*Collected material:*
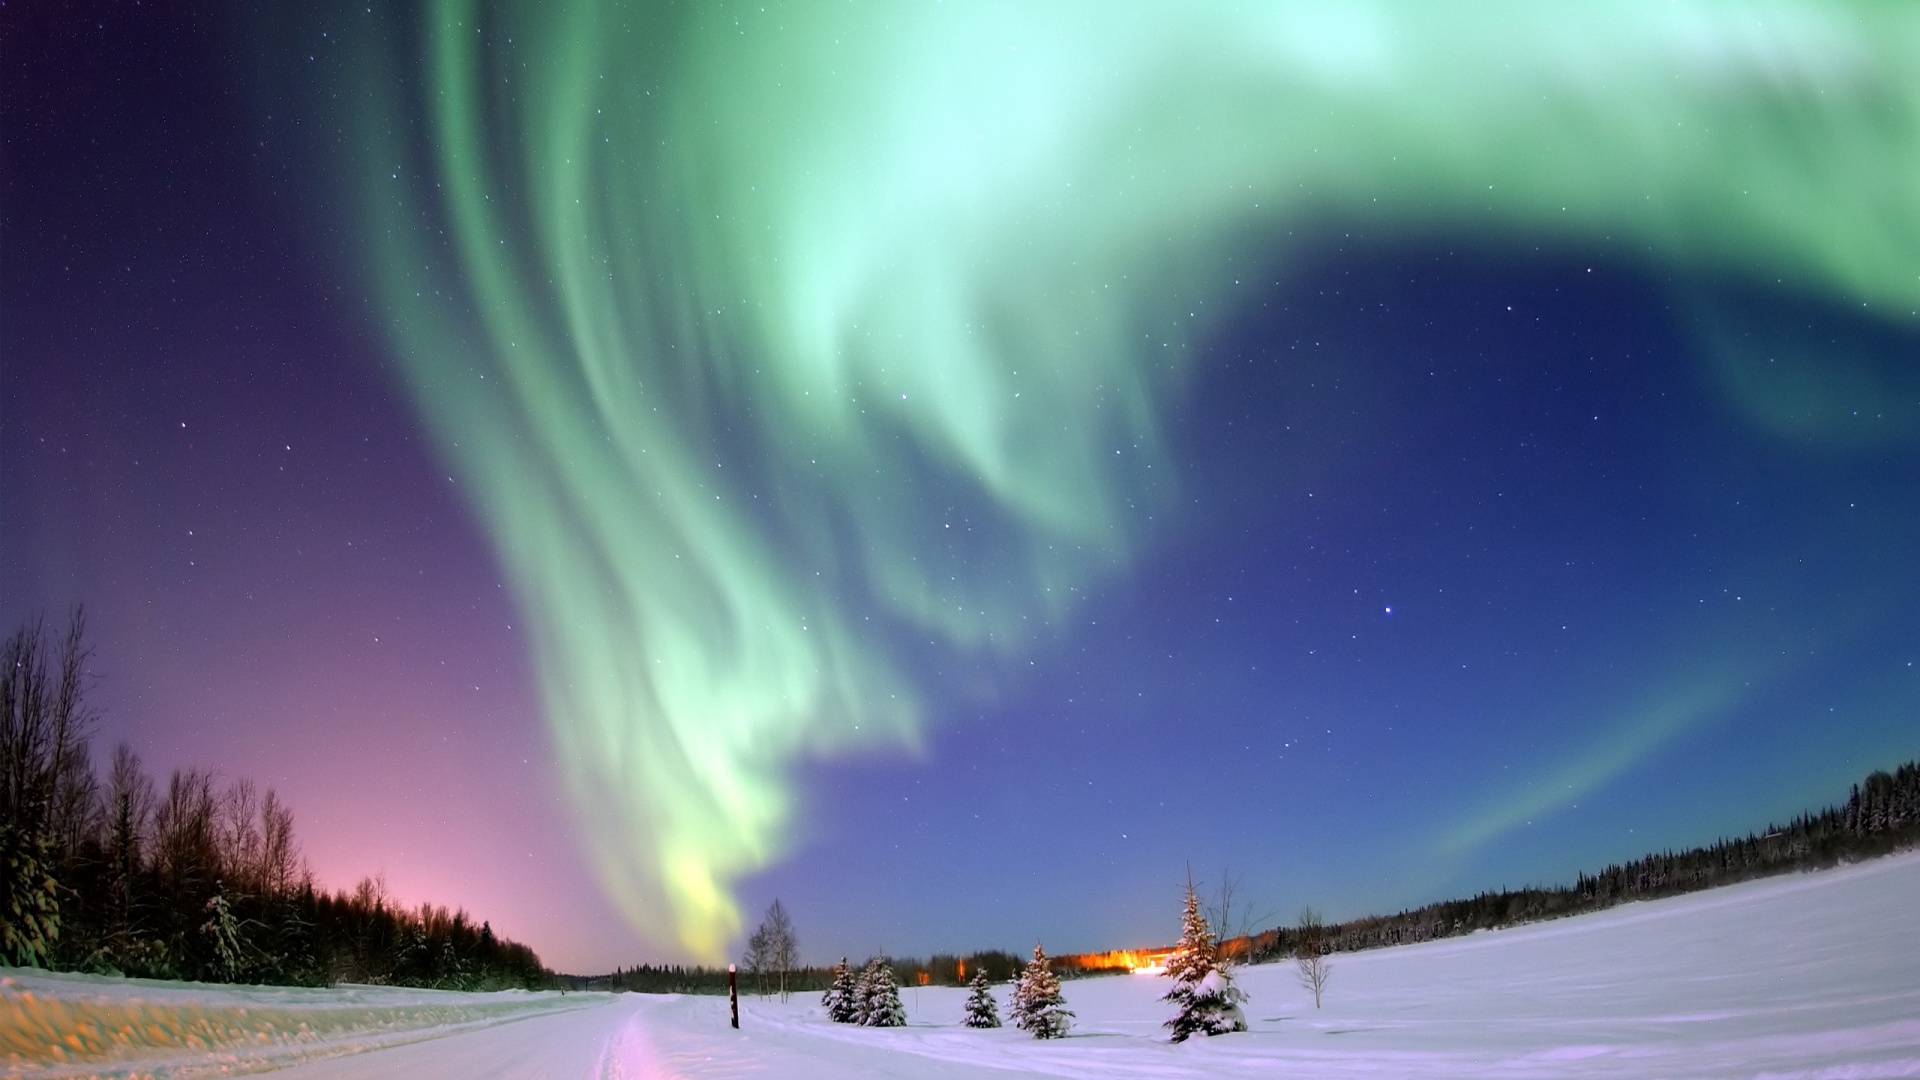 Aurora Borealis Wallpapers | HD Wallpapers
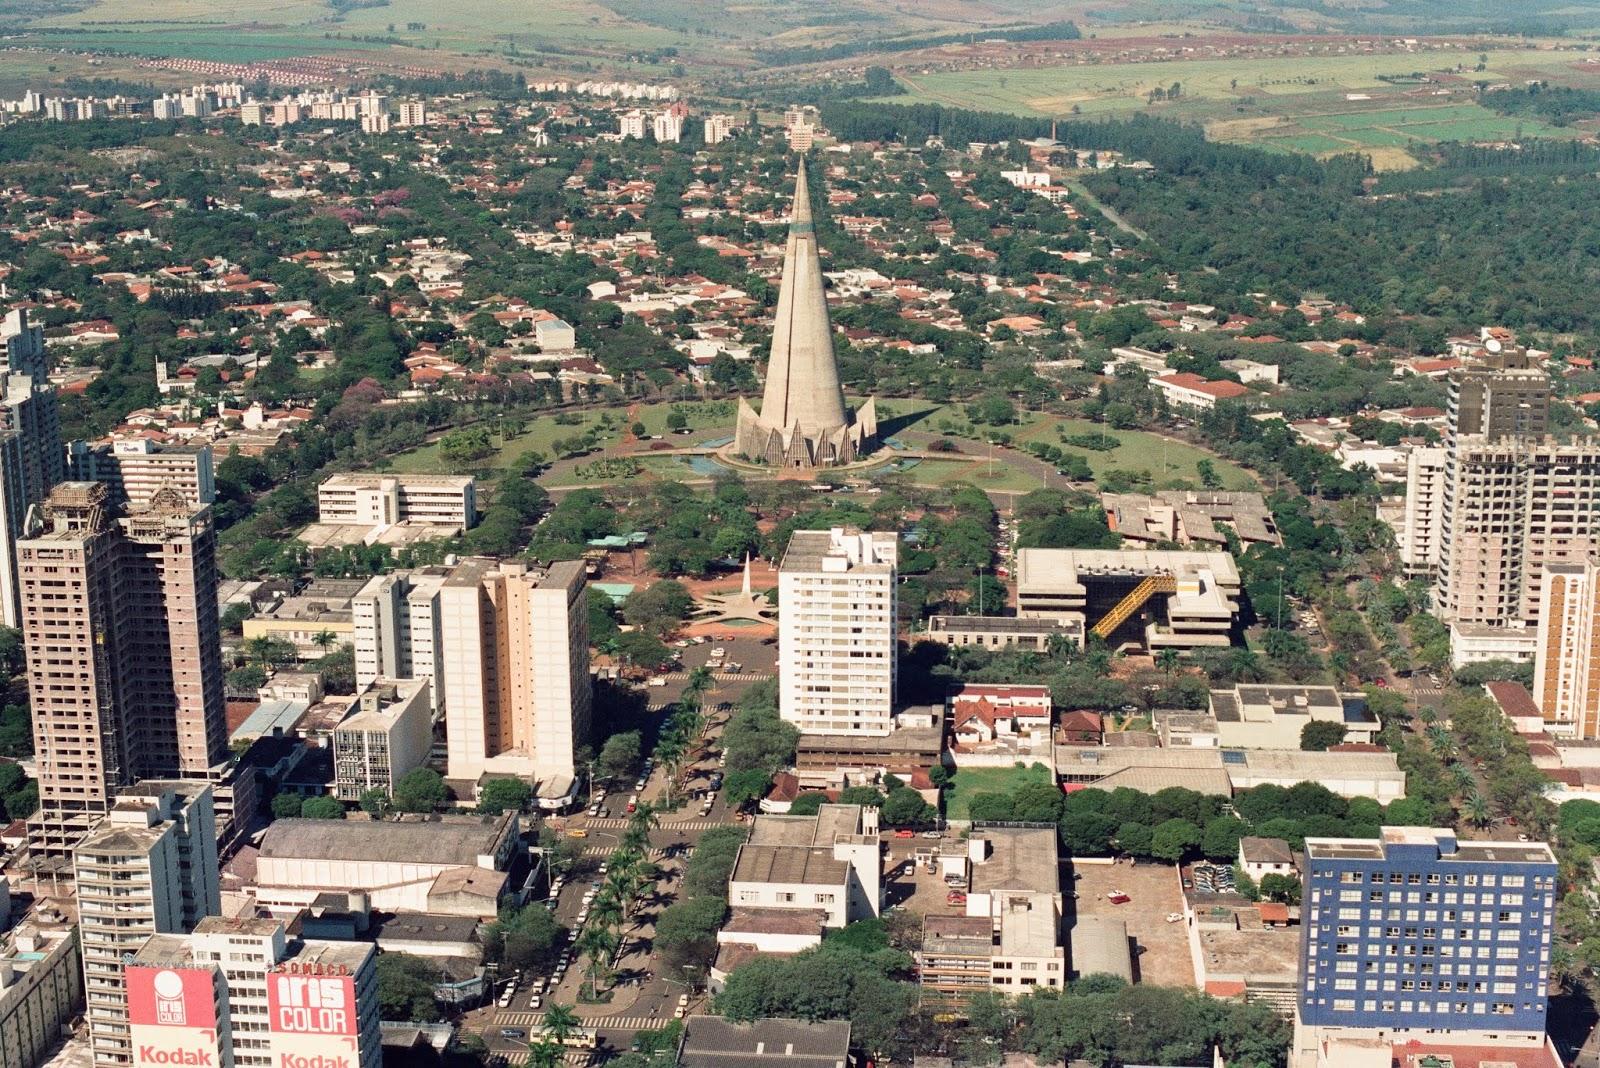 Catedral e avenida Getúlio Vargas - 1989
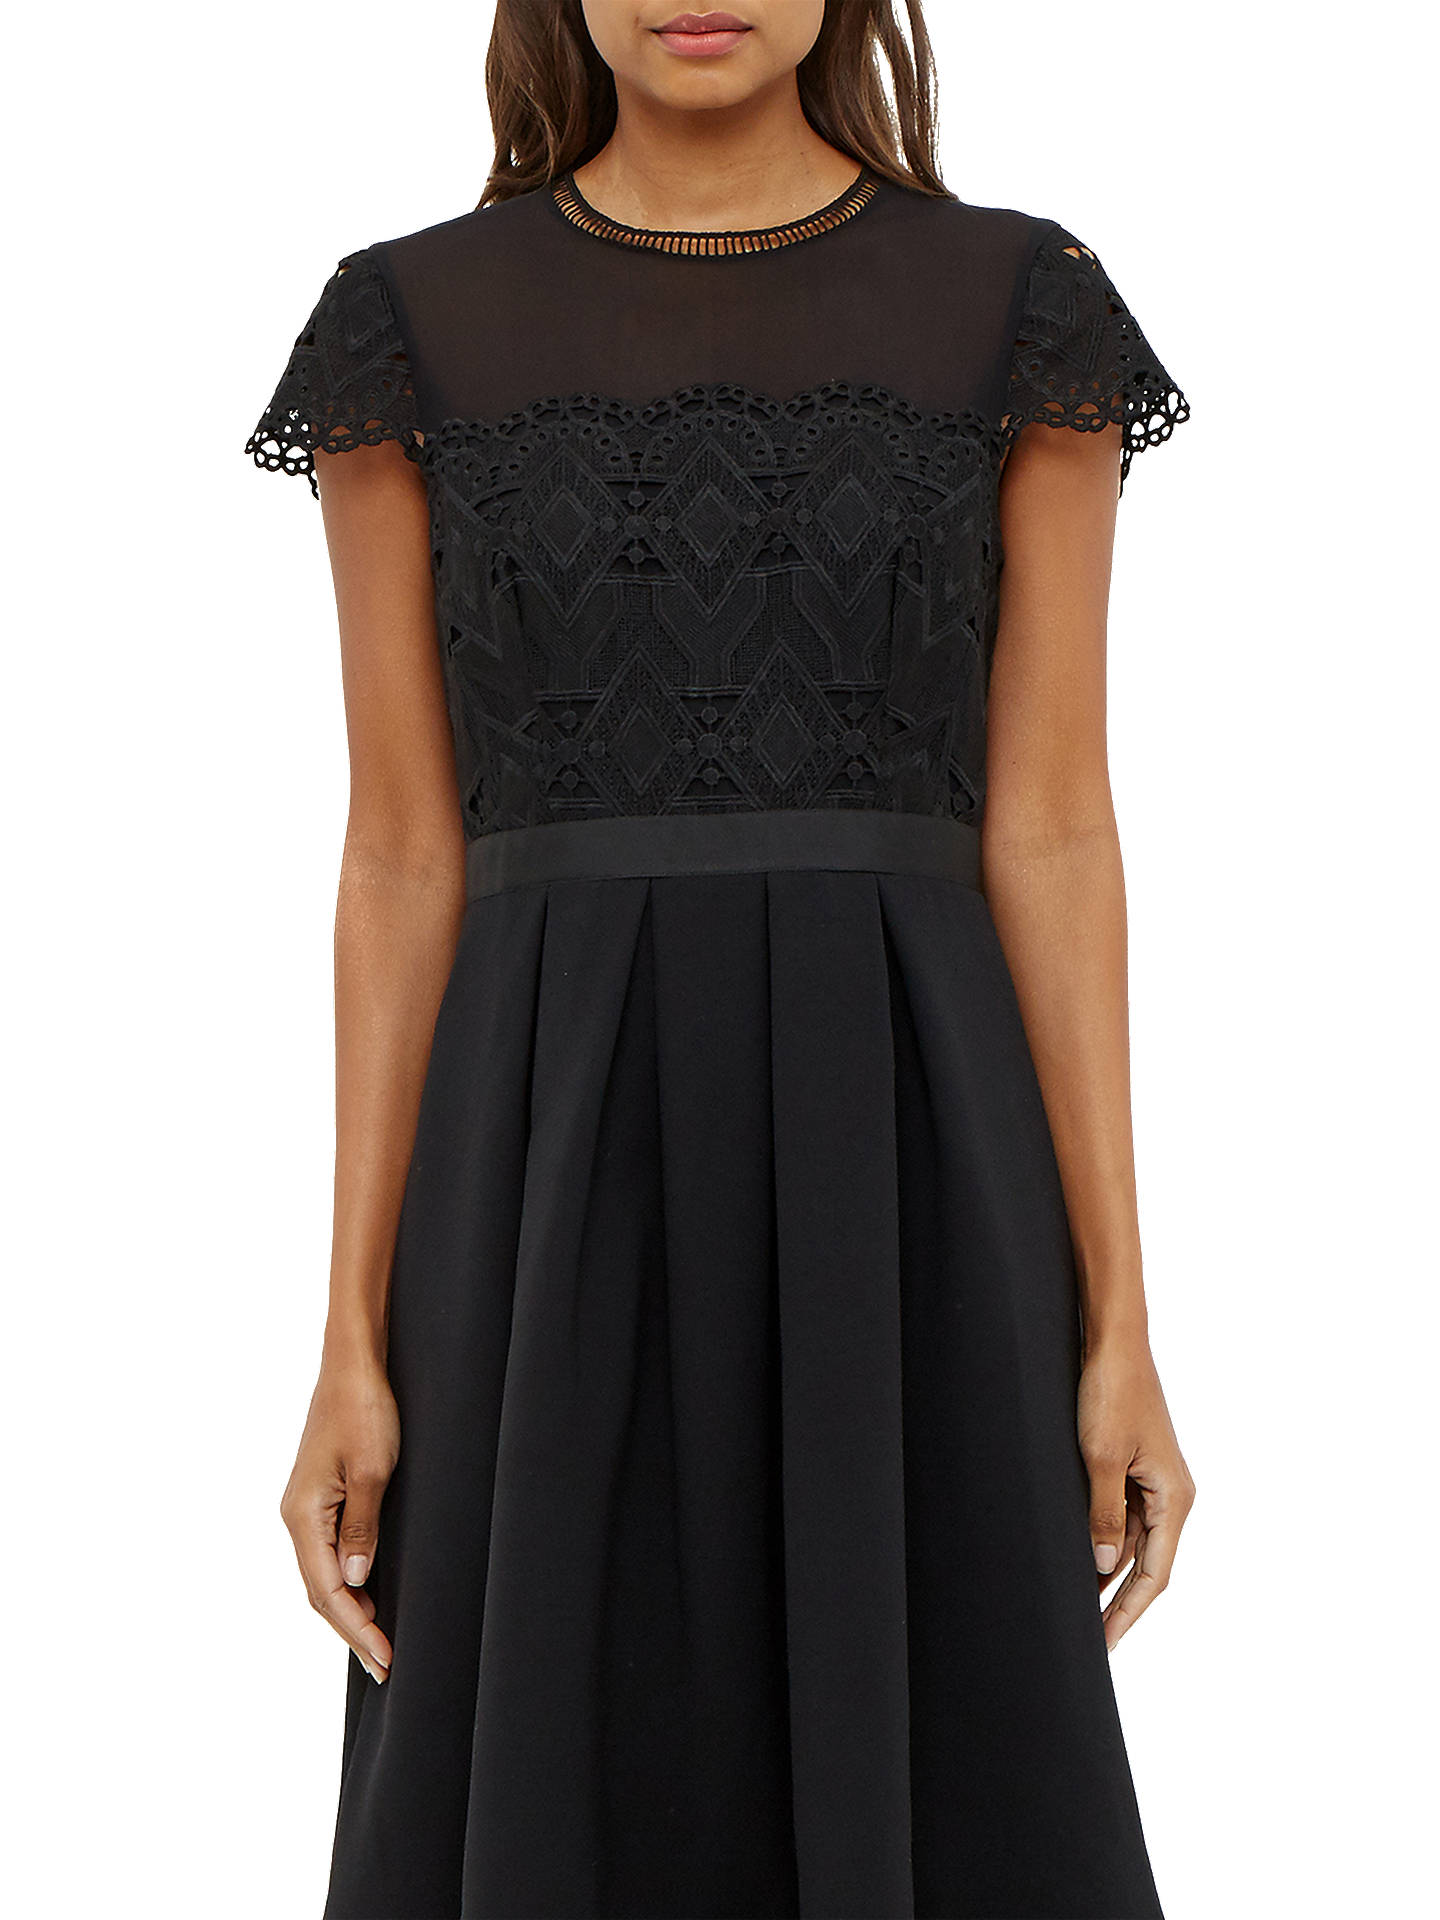 5cd0c802d785 ... Buy Ted Baker Frizay Lace Bodice Full Midi Dress
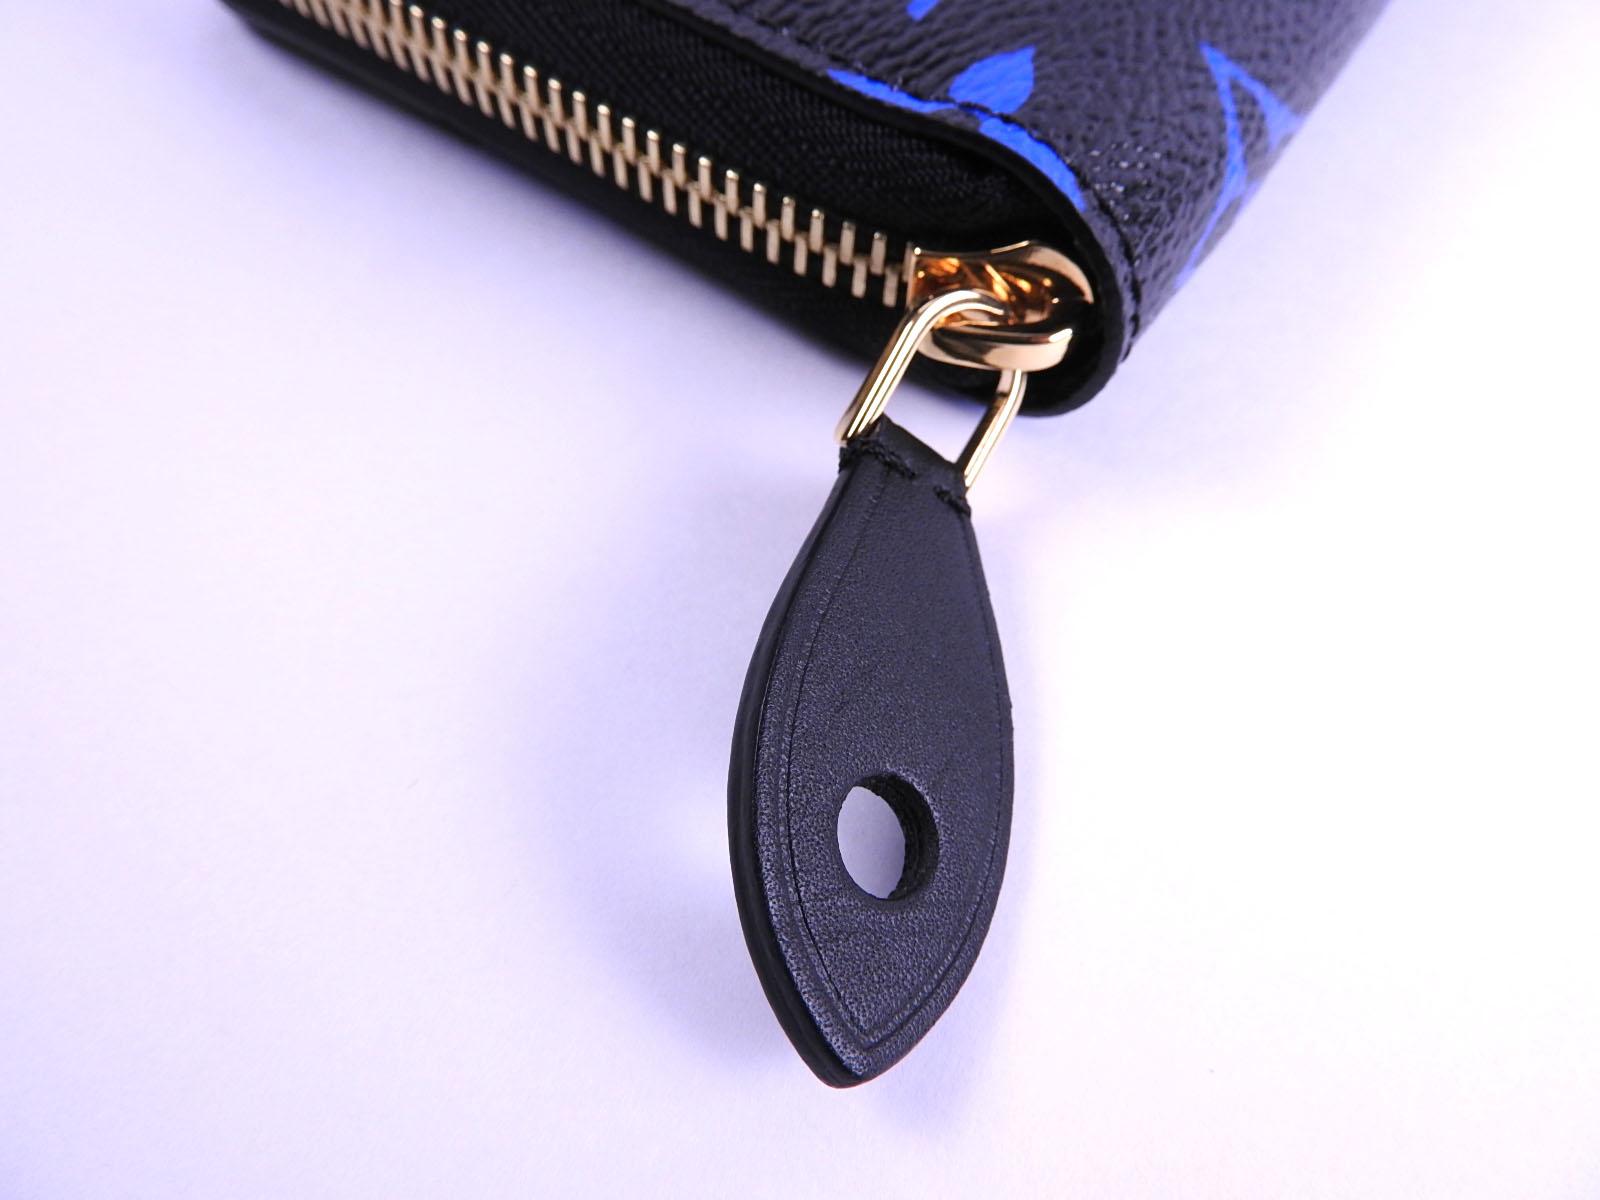 632aef45 LOUIS VUITTON Monogram Blue Zippy Wallet Zip Around Long Wallet M67235  A-8563

*What you should do:*
Print exactly the line containing "5cd0c802d785 ... Buy" and every line after it through the final line above, and leave all pictures out.

*Output for this task:*
 5cd0c802d785 ... Buy Ted Baker Frizay Lace Bodice Full Midi Dress
 632aef45 LOUIS VUITTON Monogram Blue Zippy Wallet Zip Around Long Wallet M67235  A-8563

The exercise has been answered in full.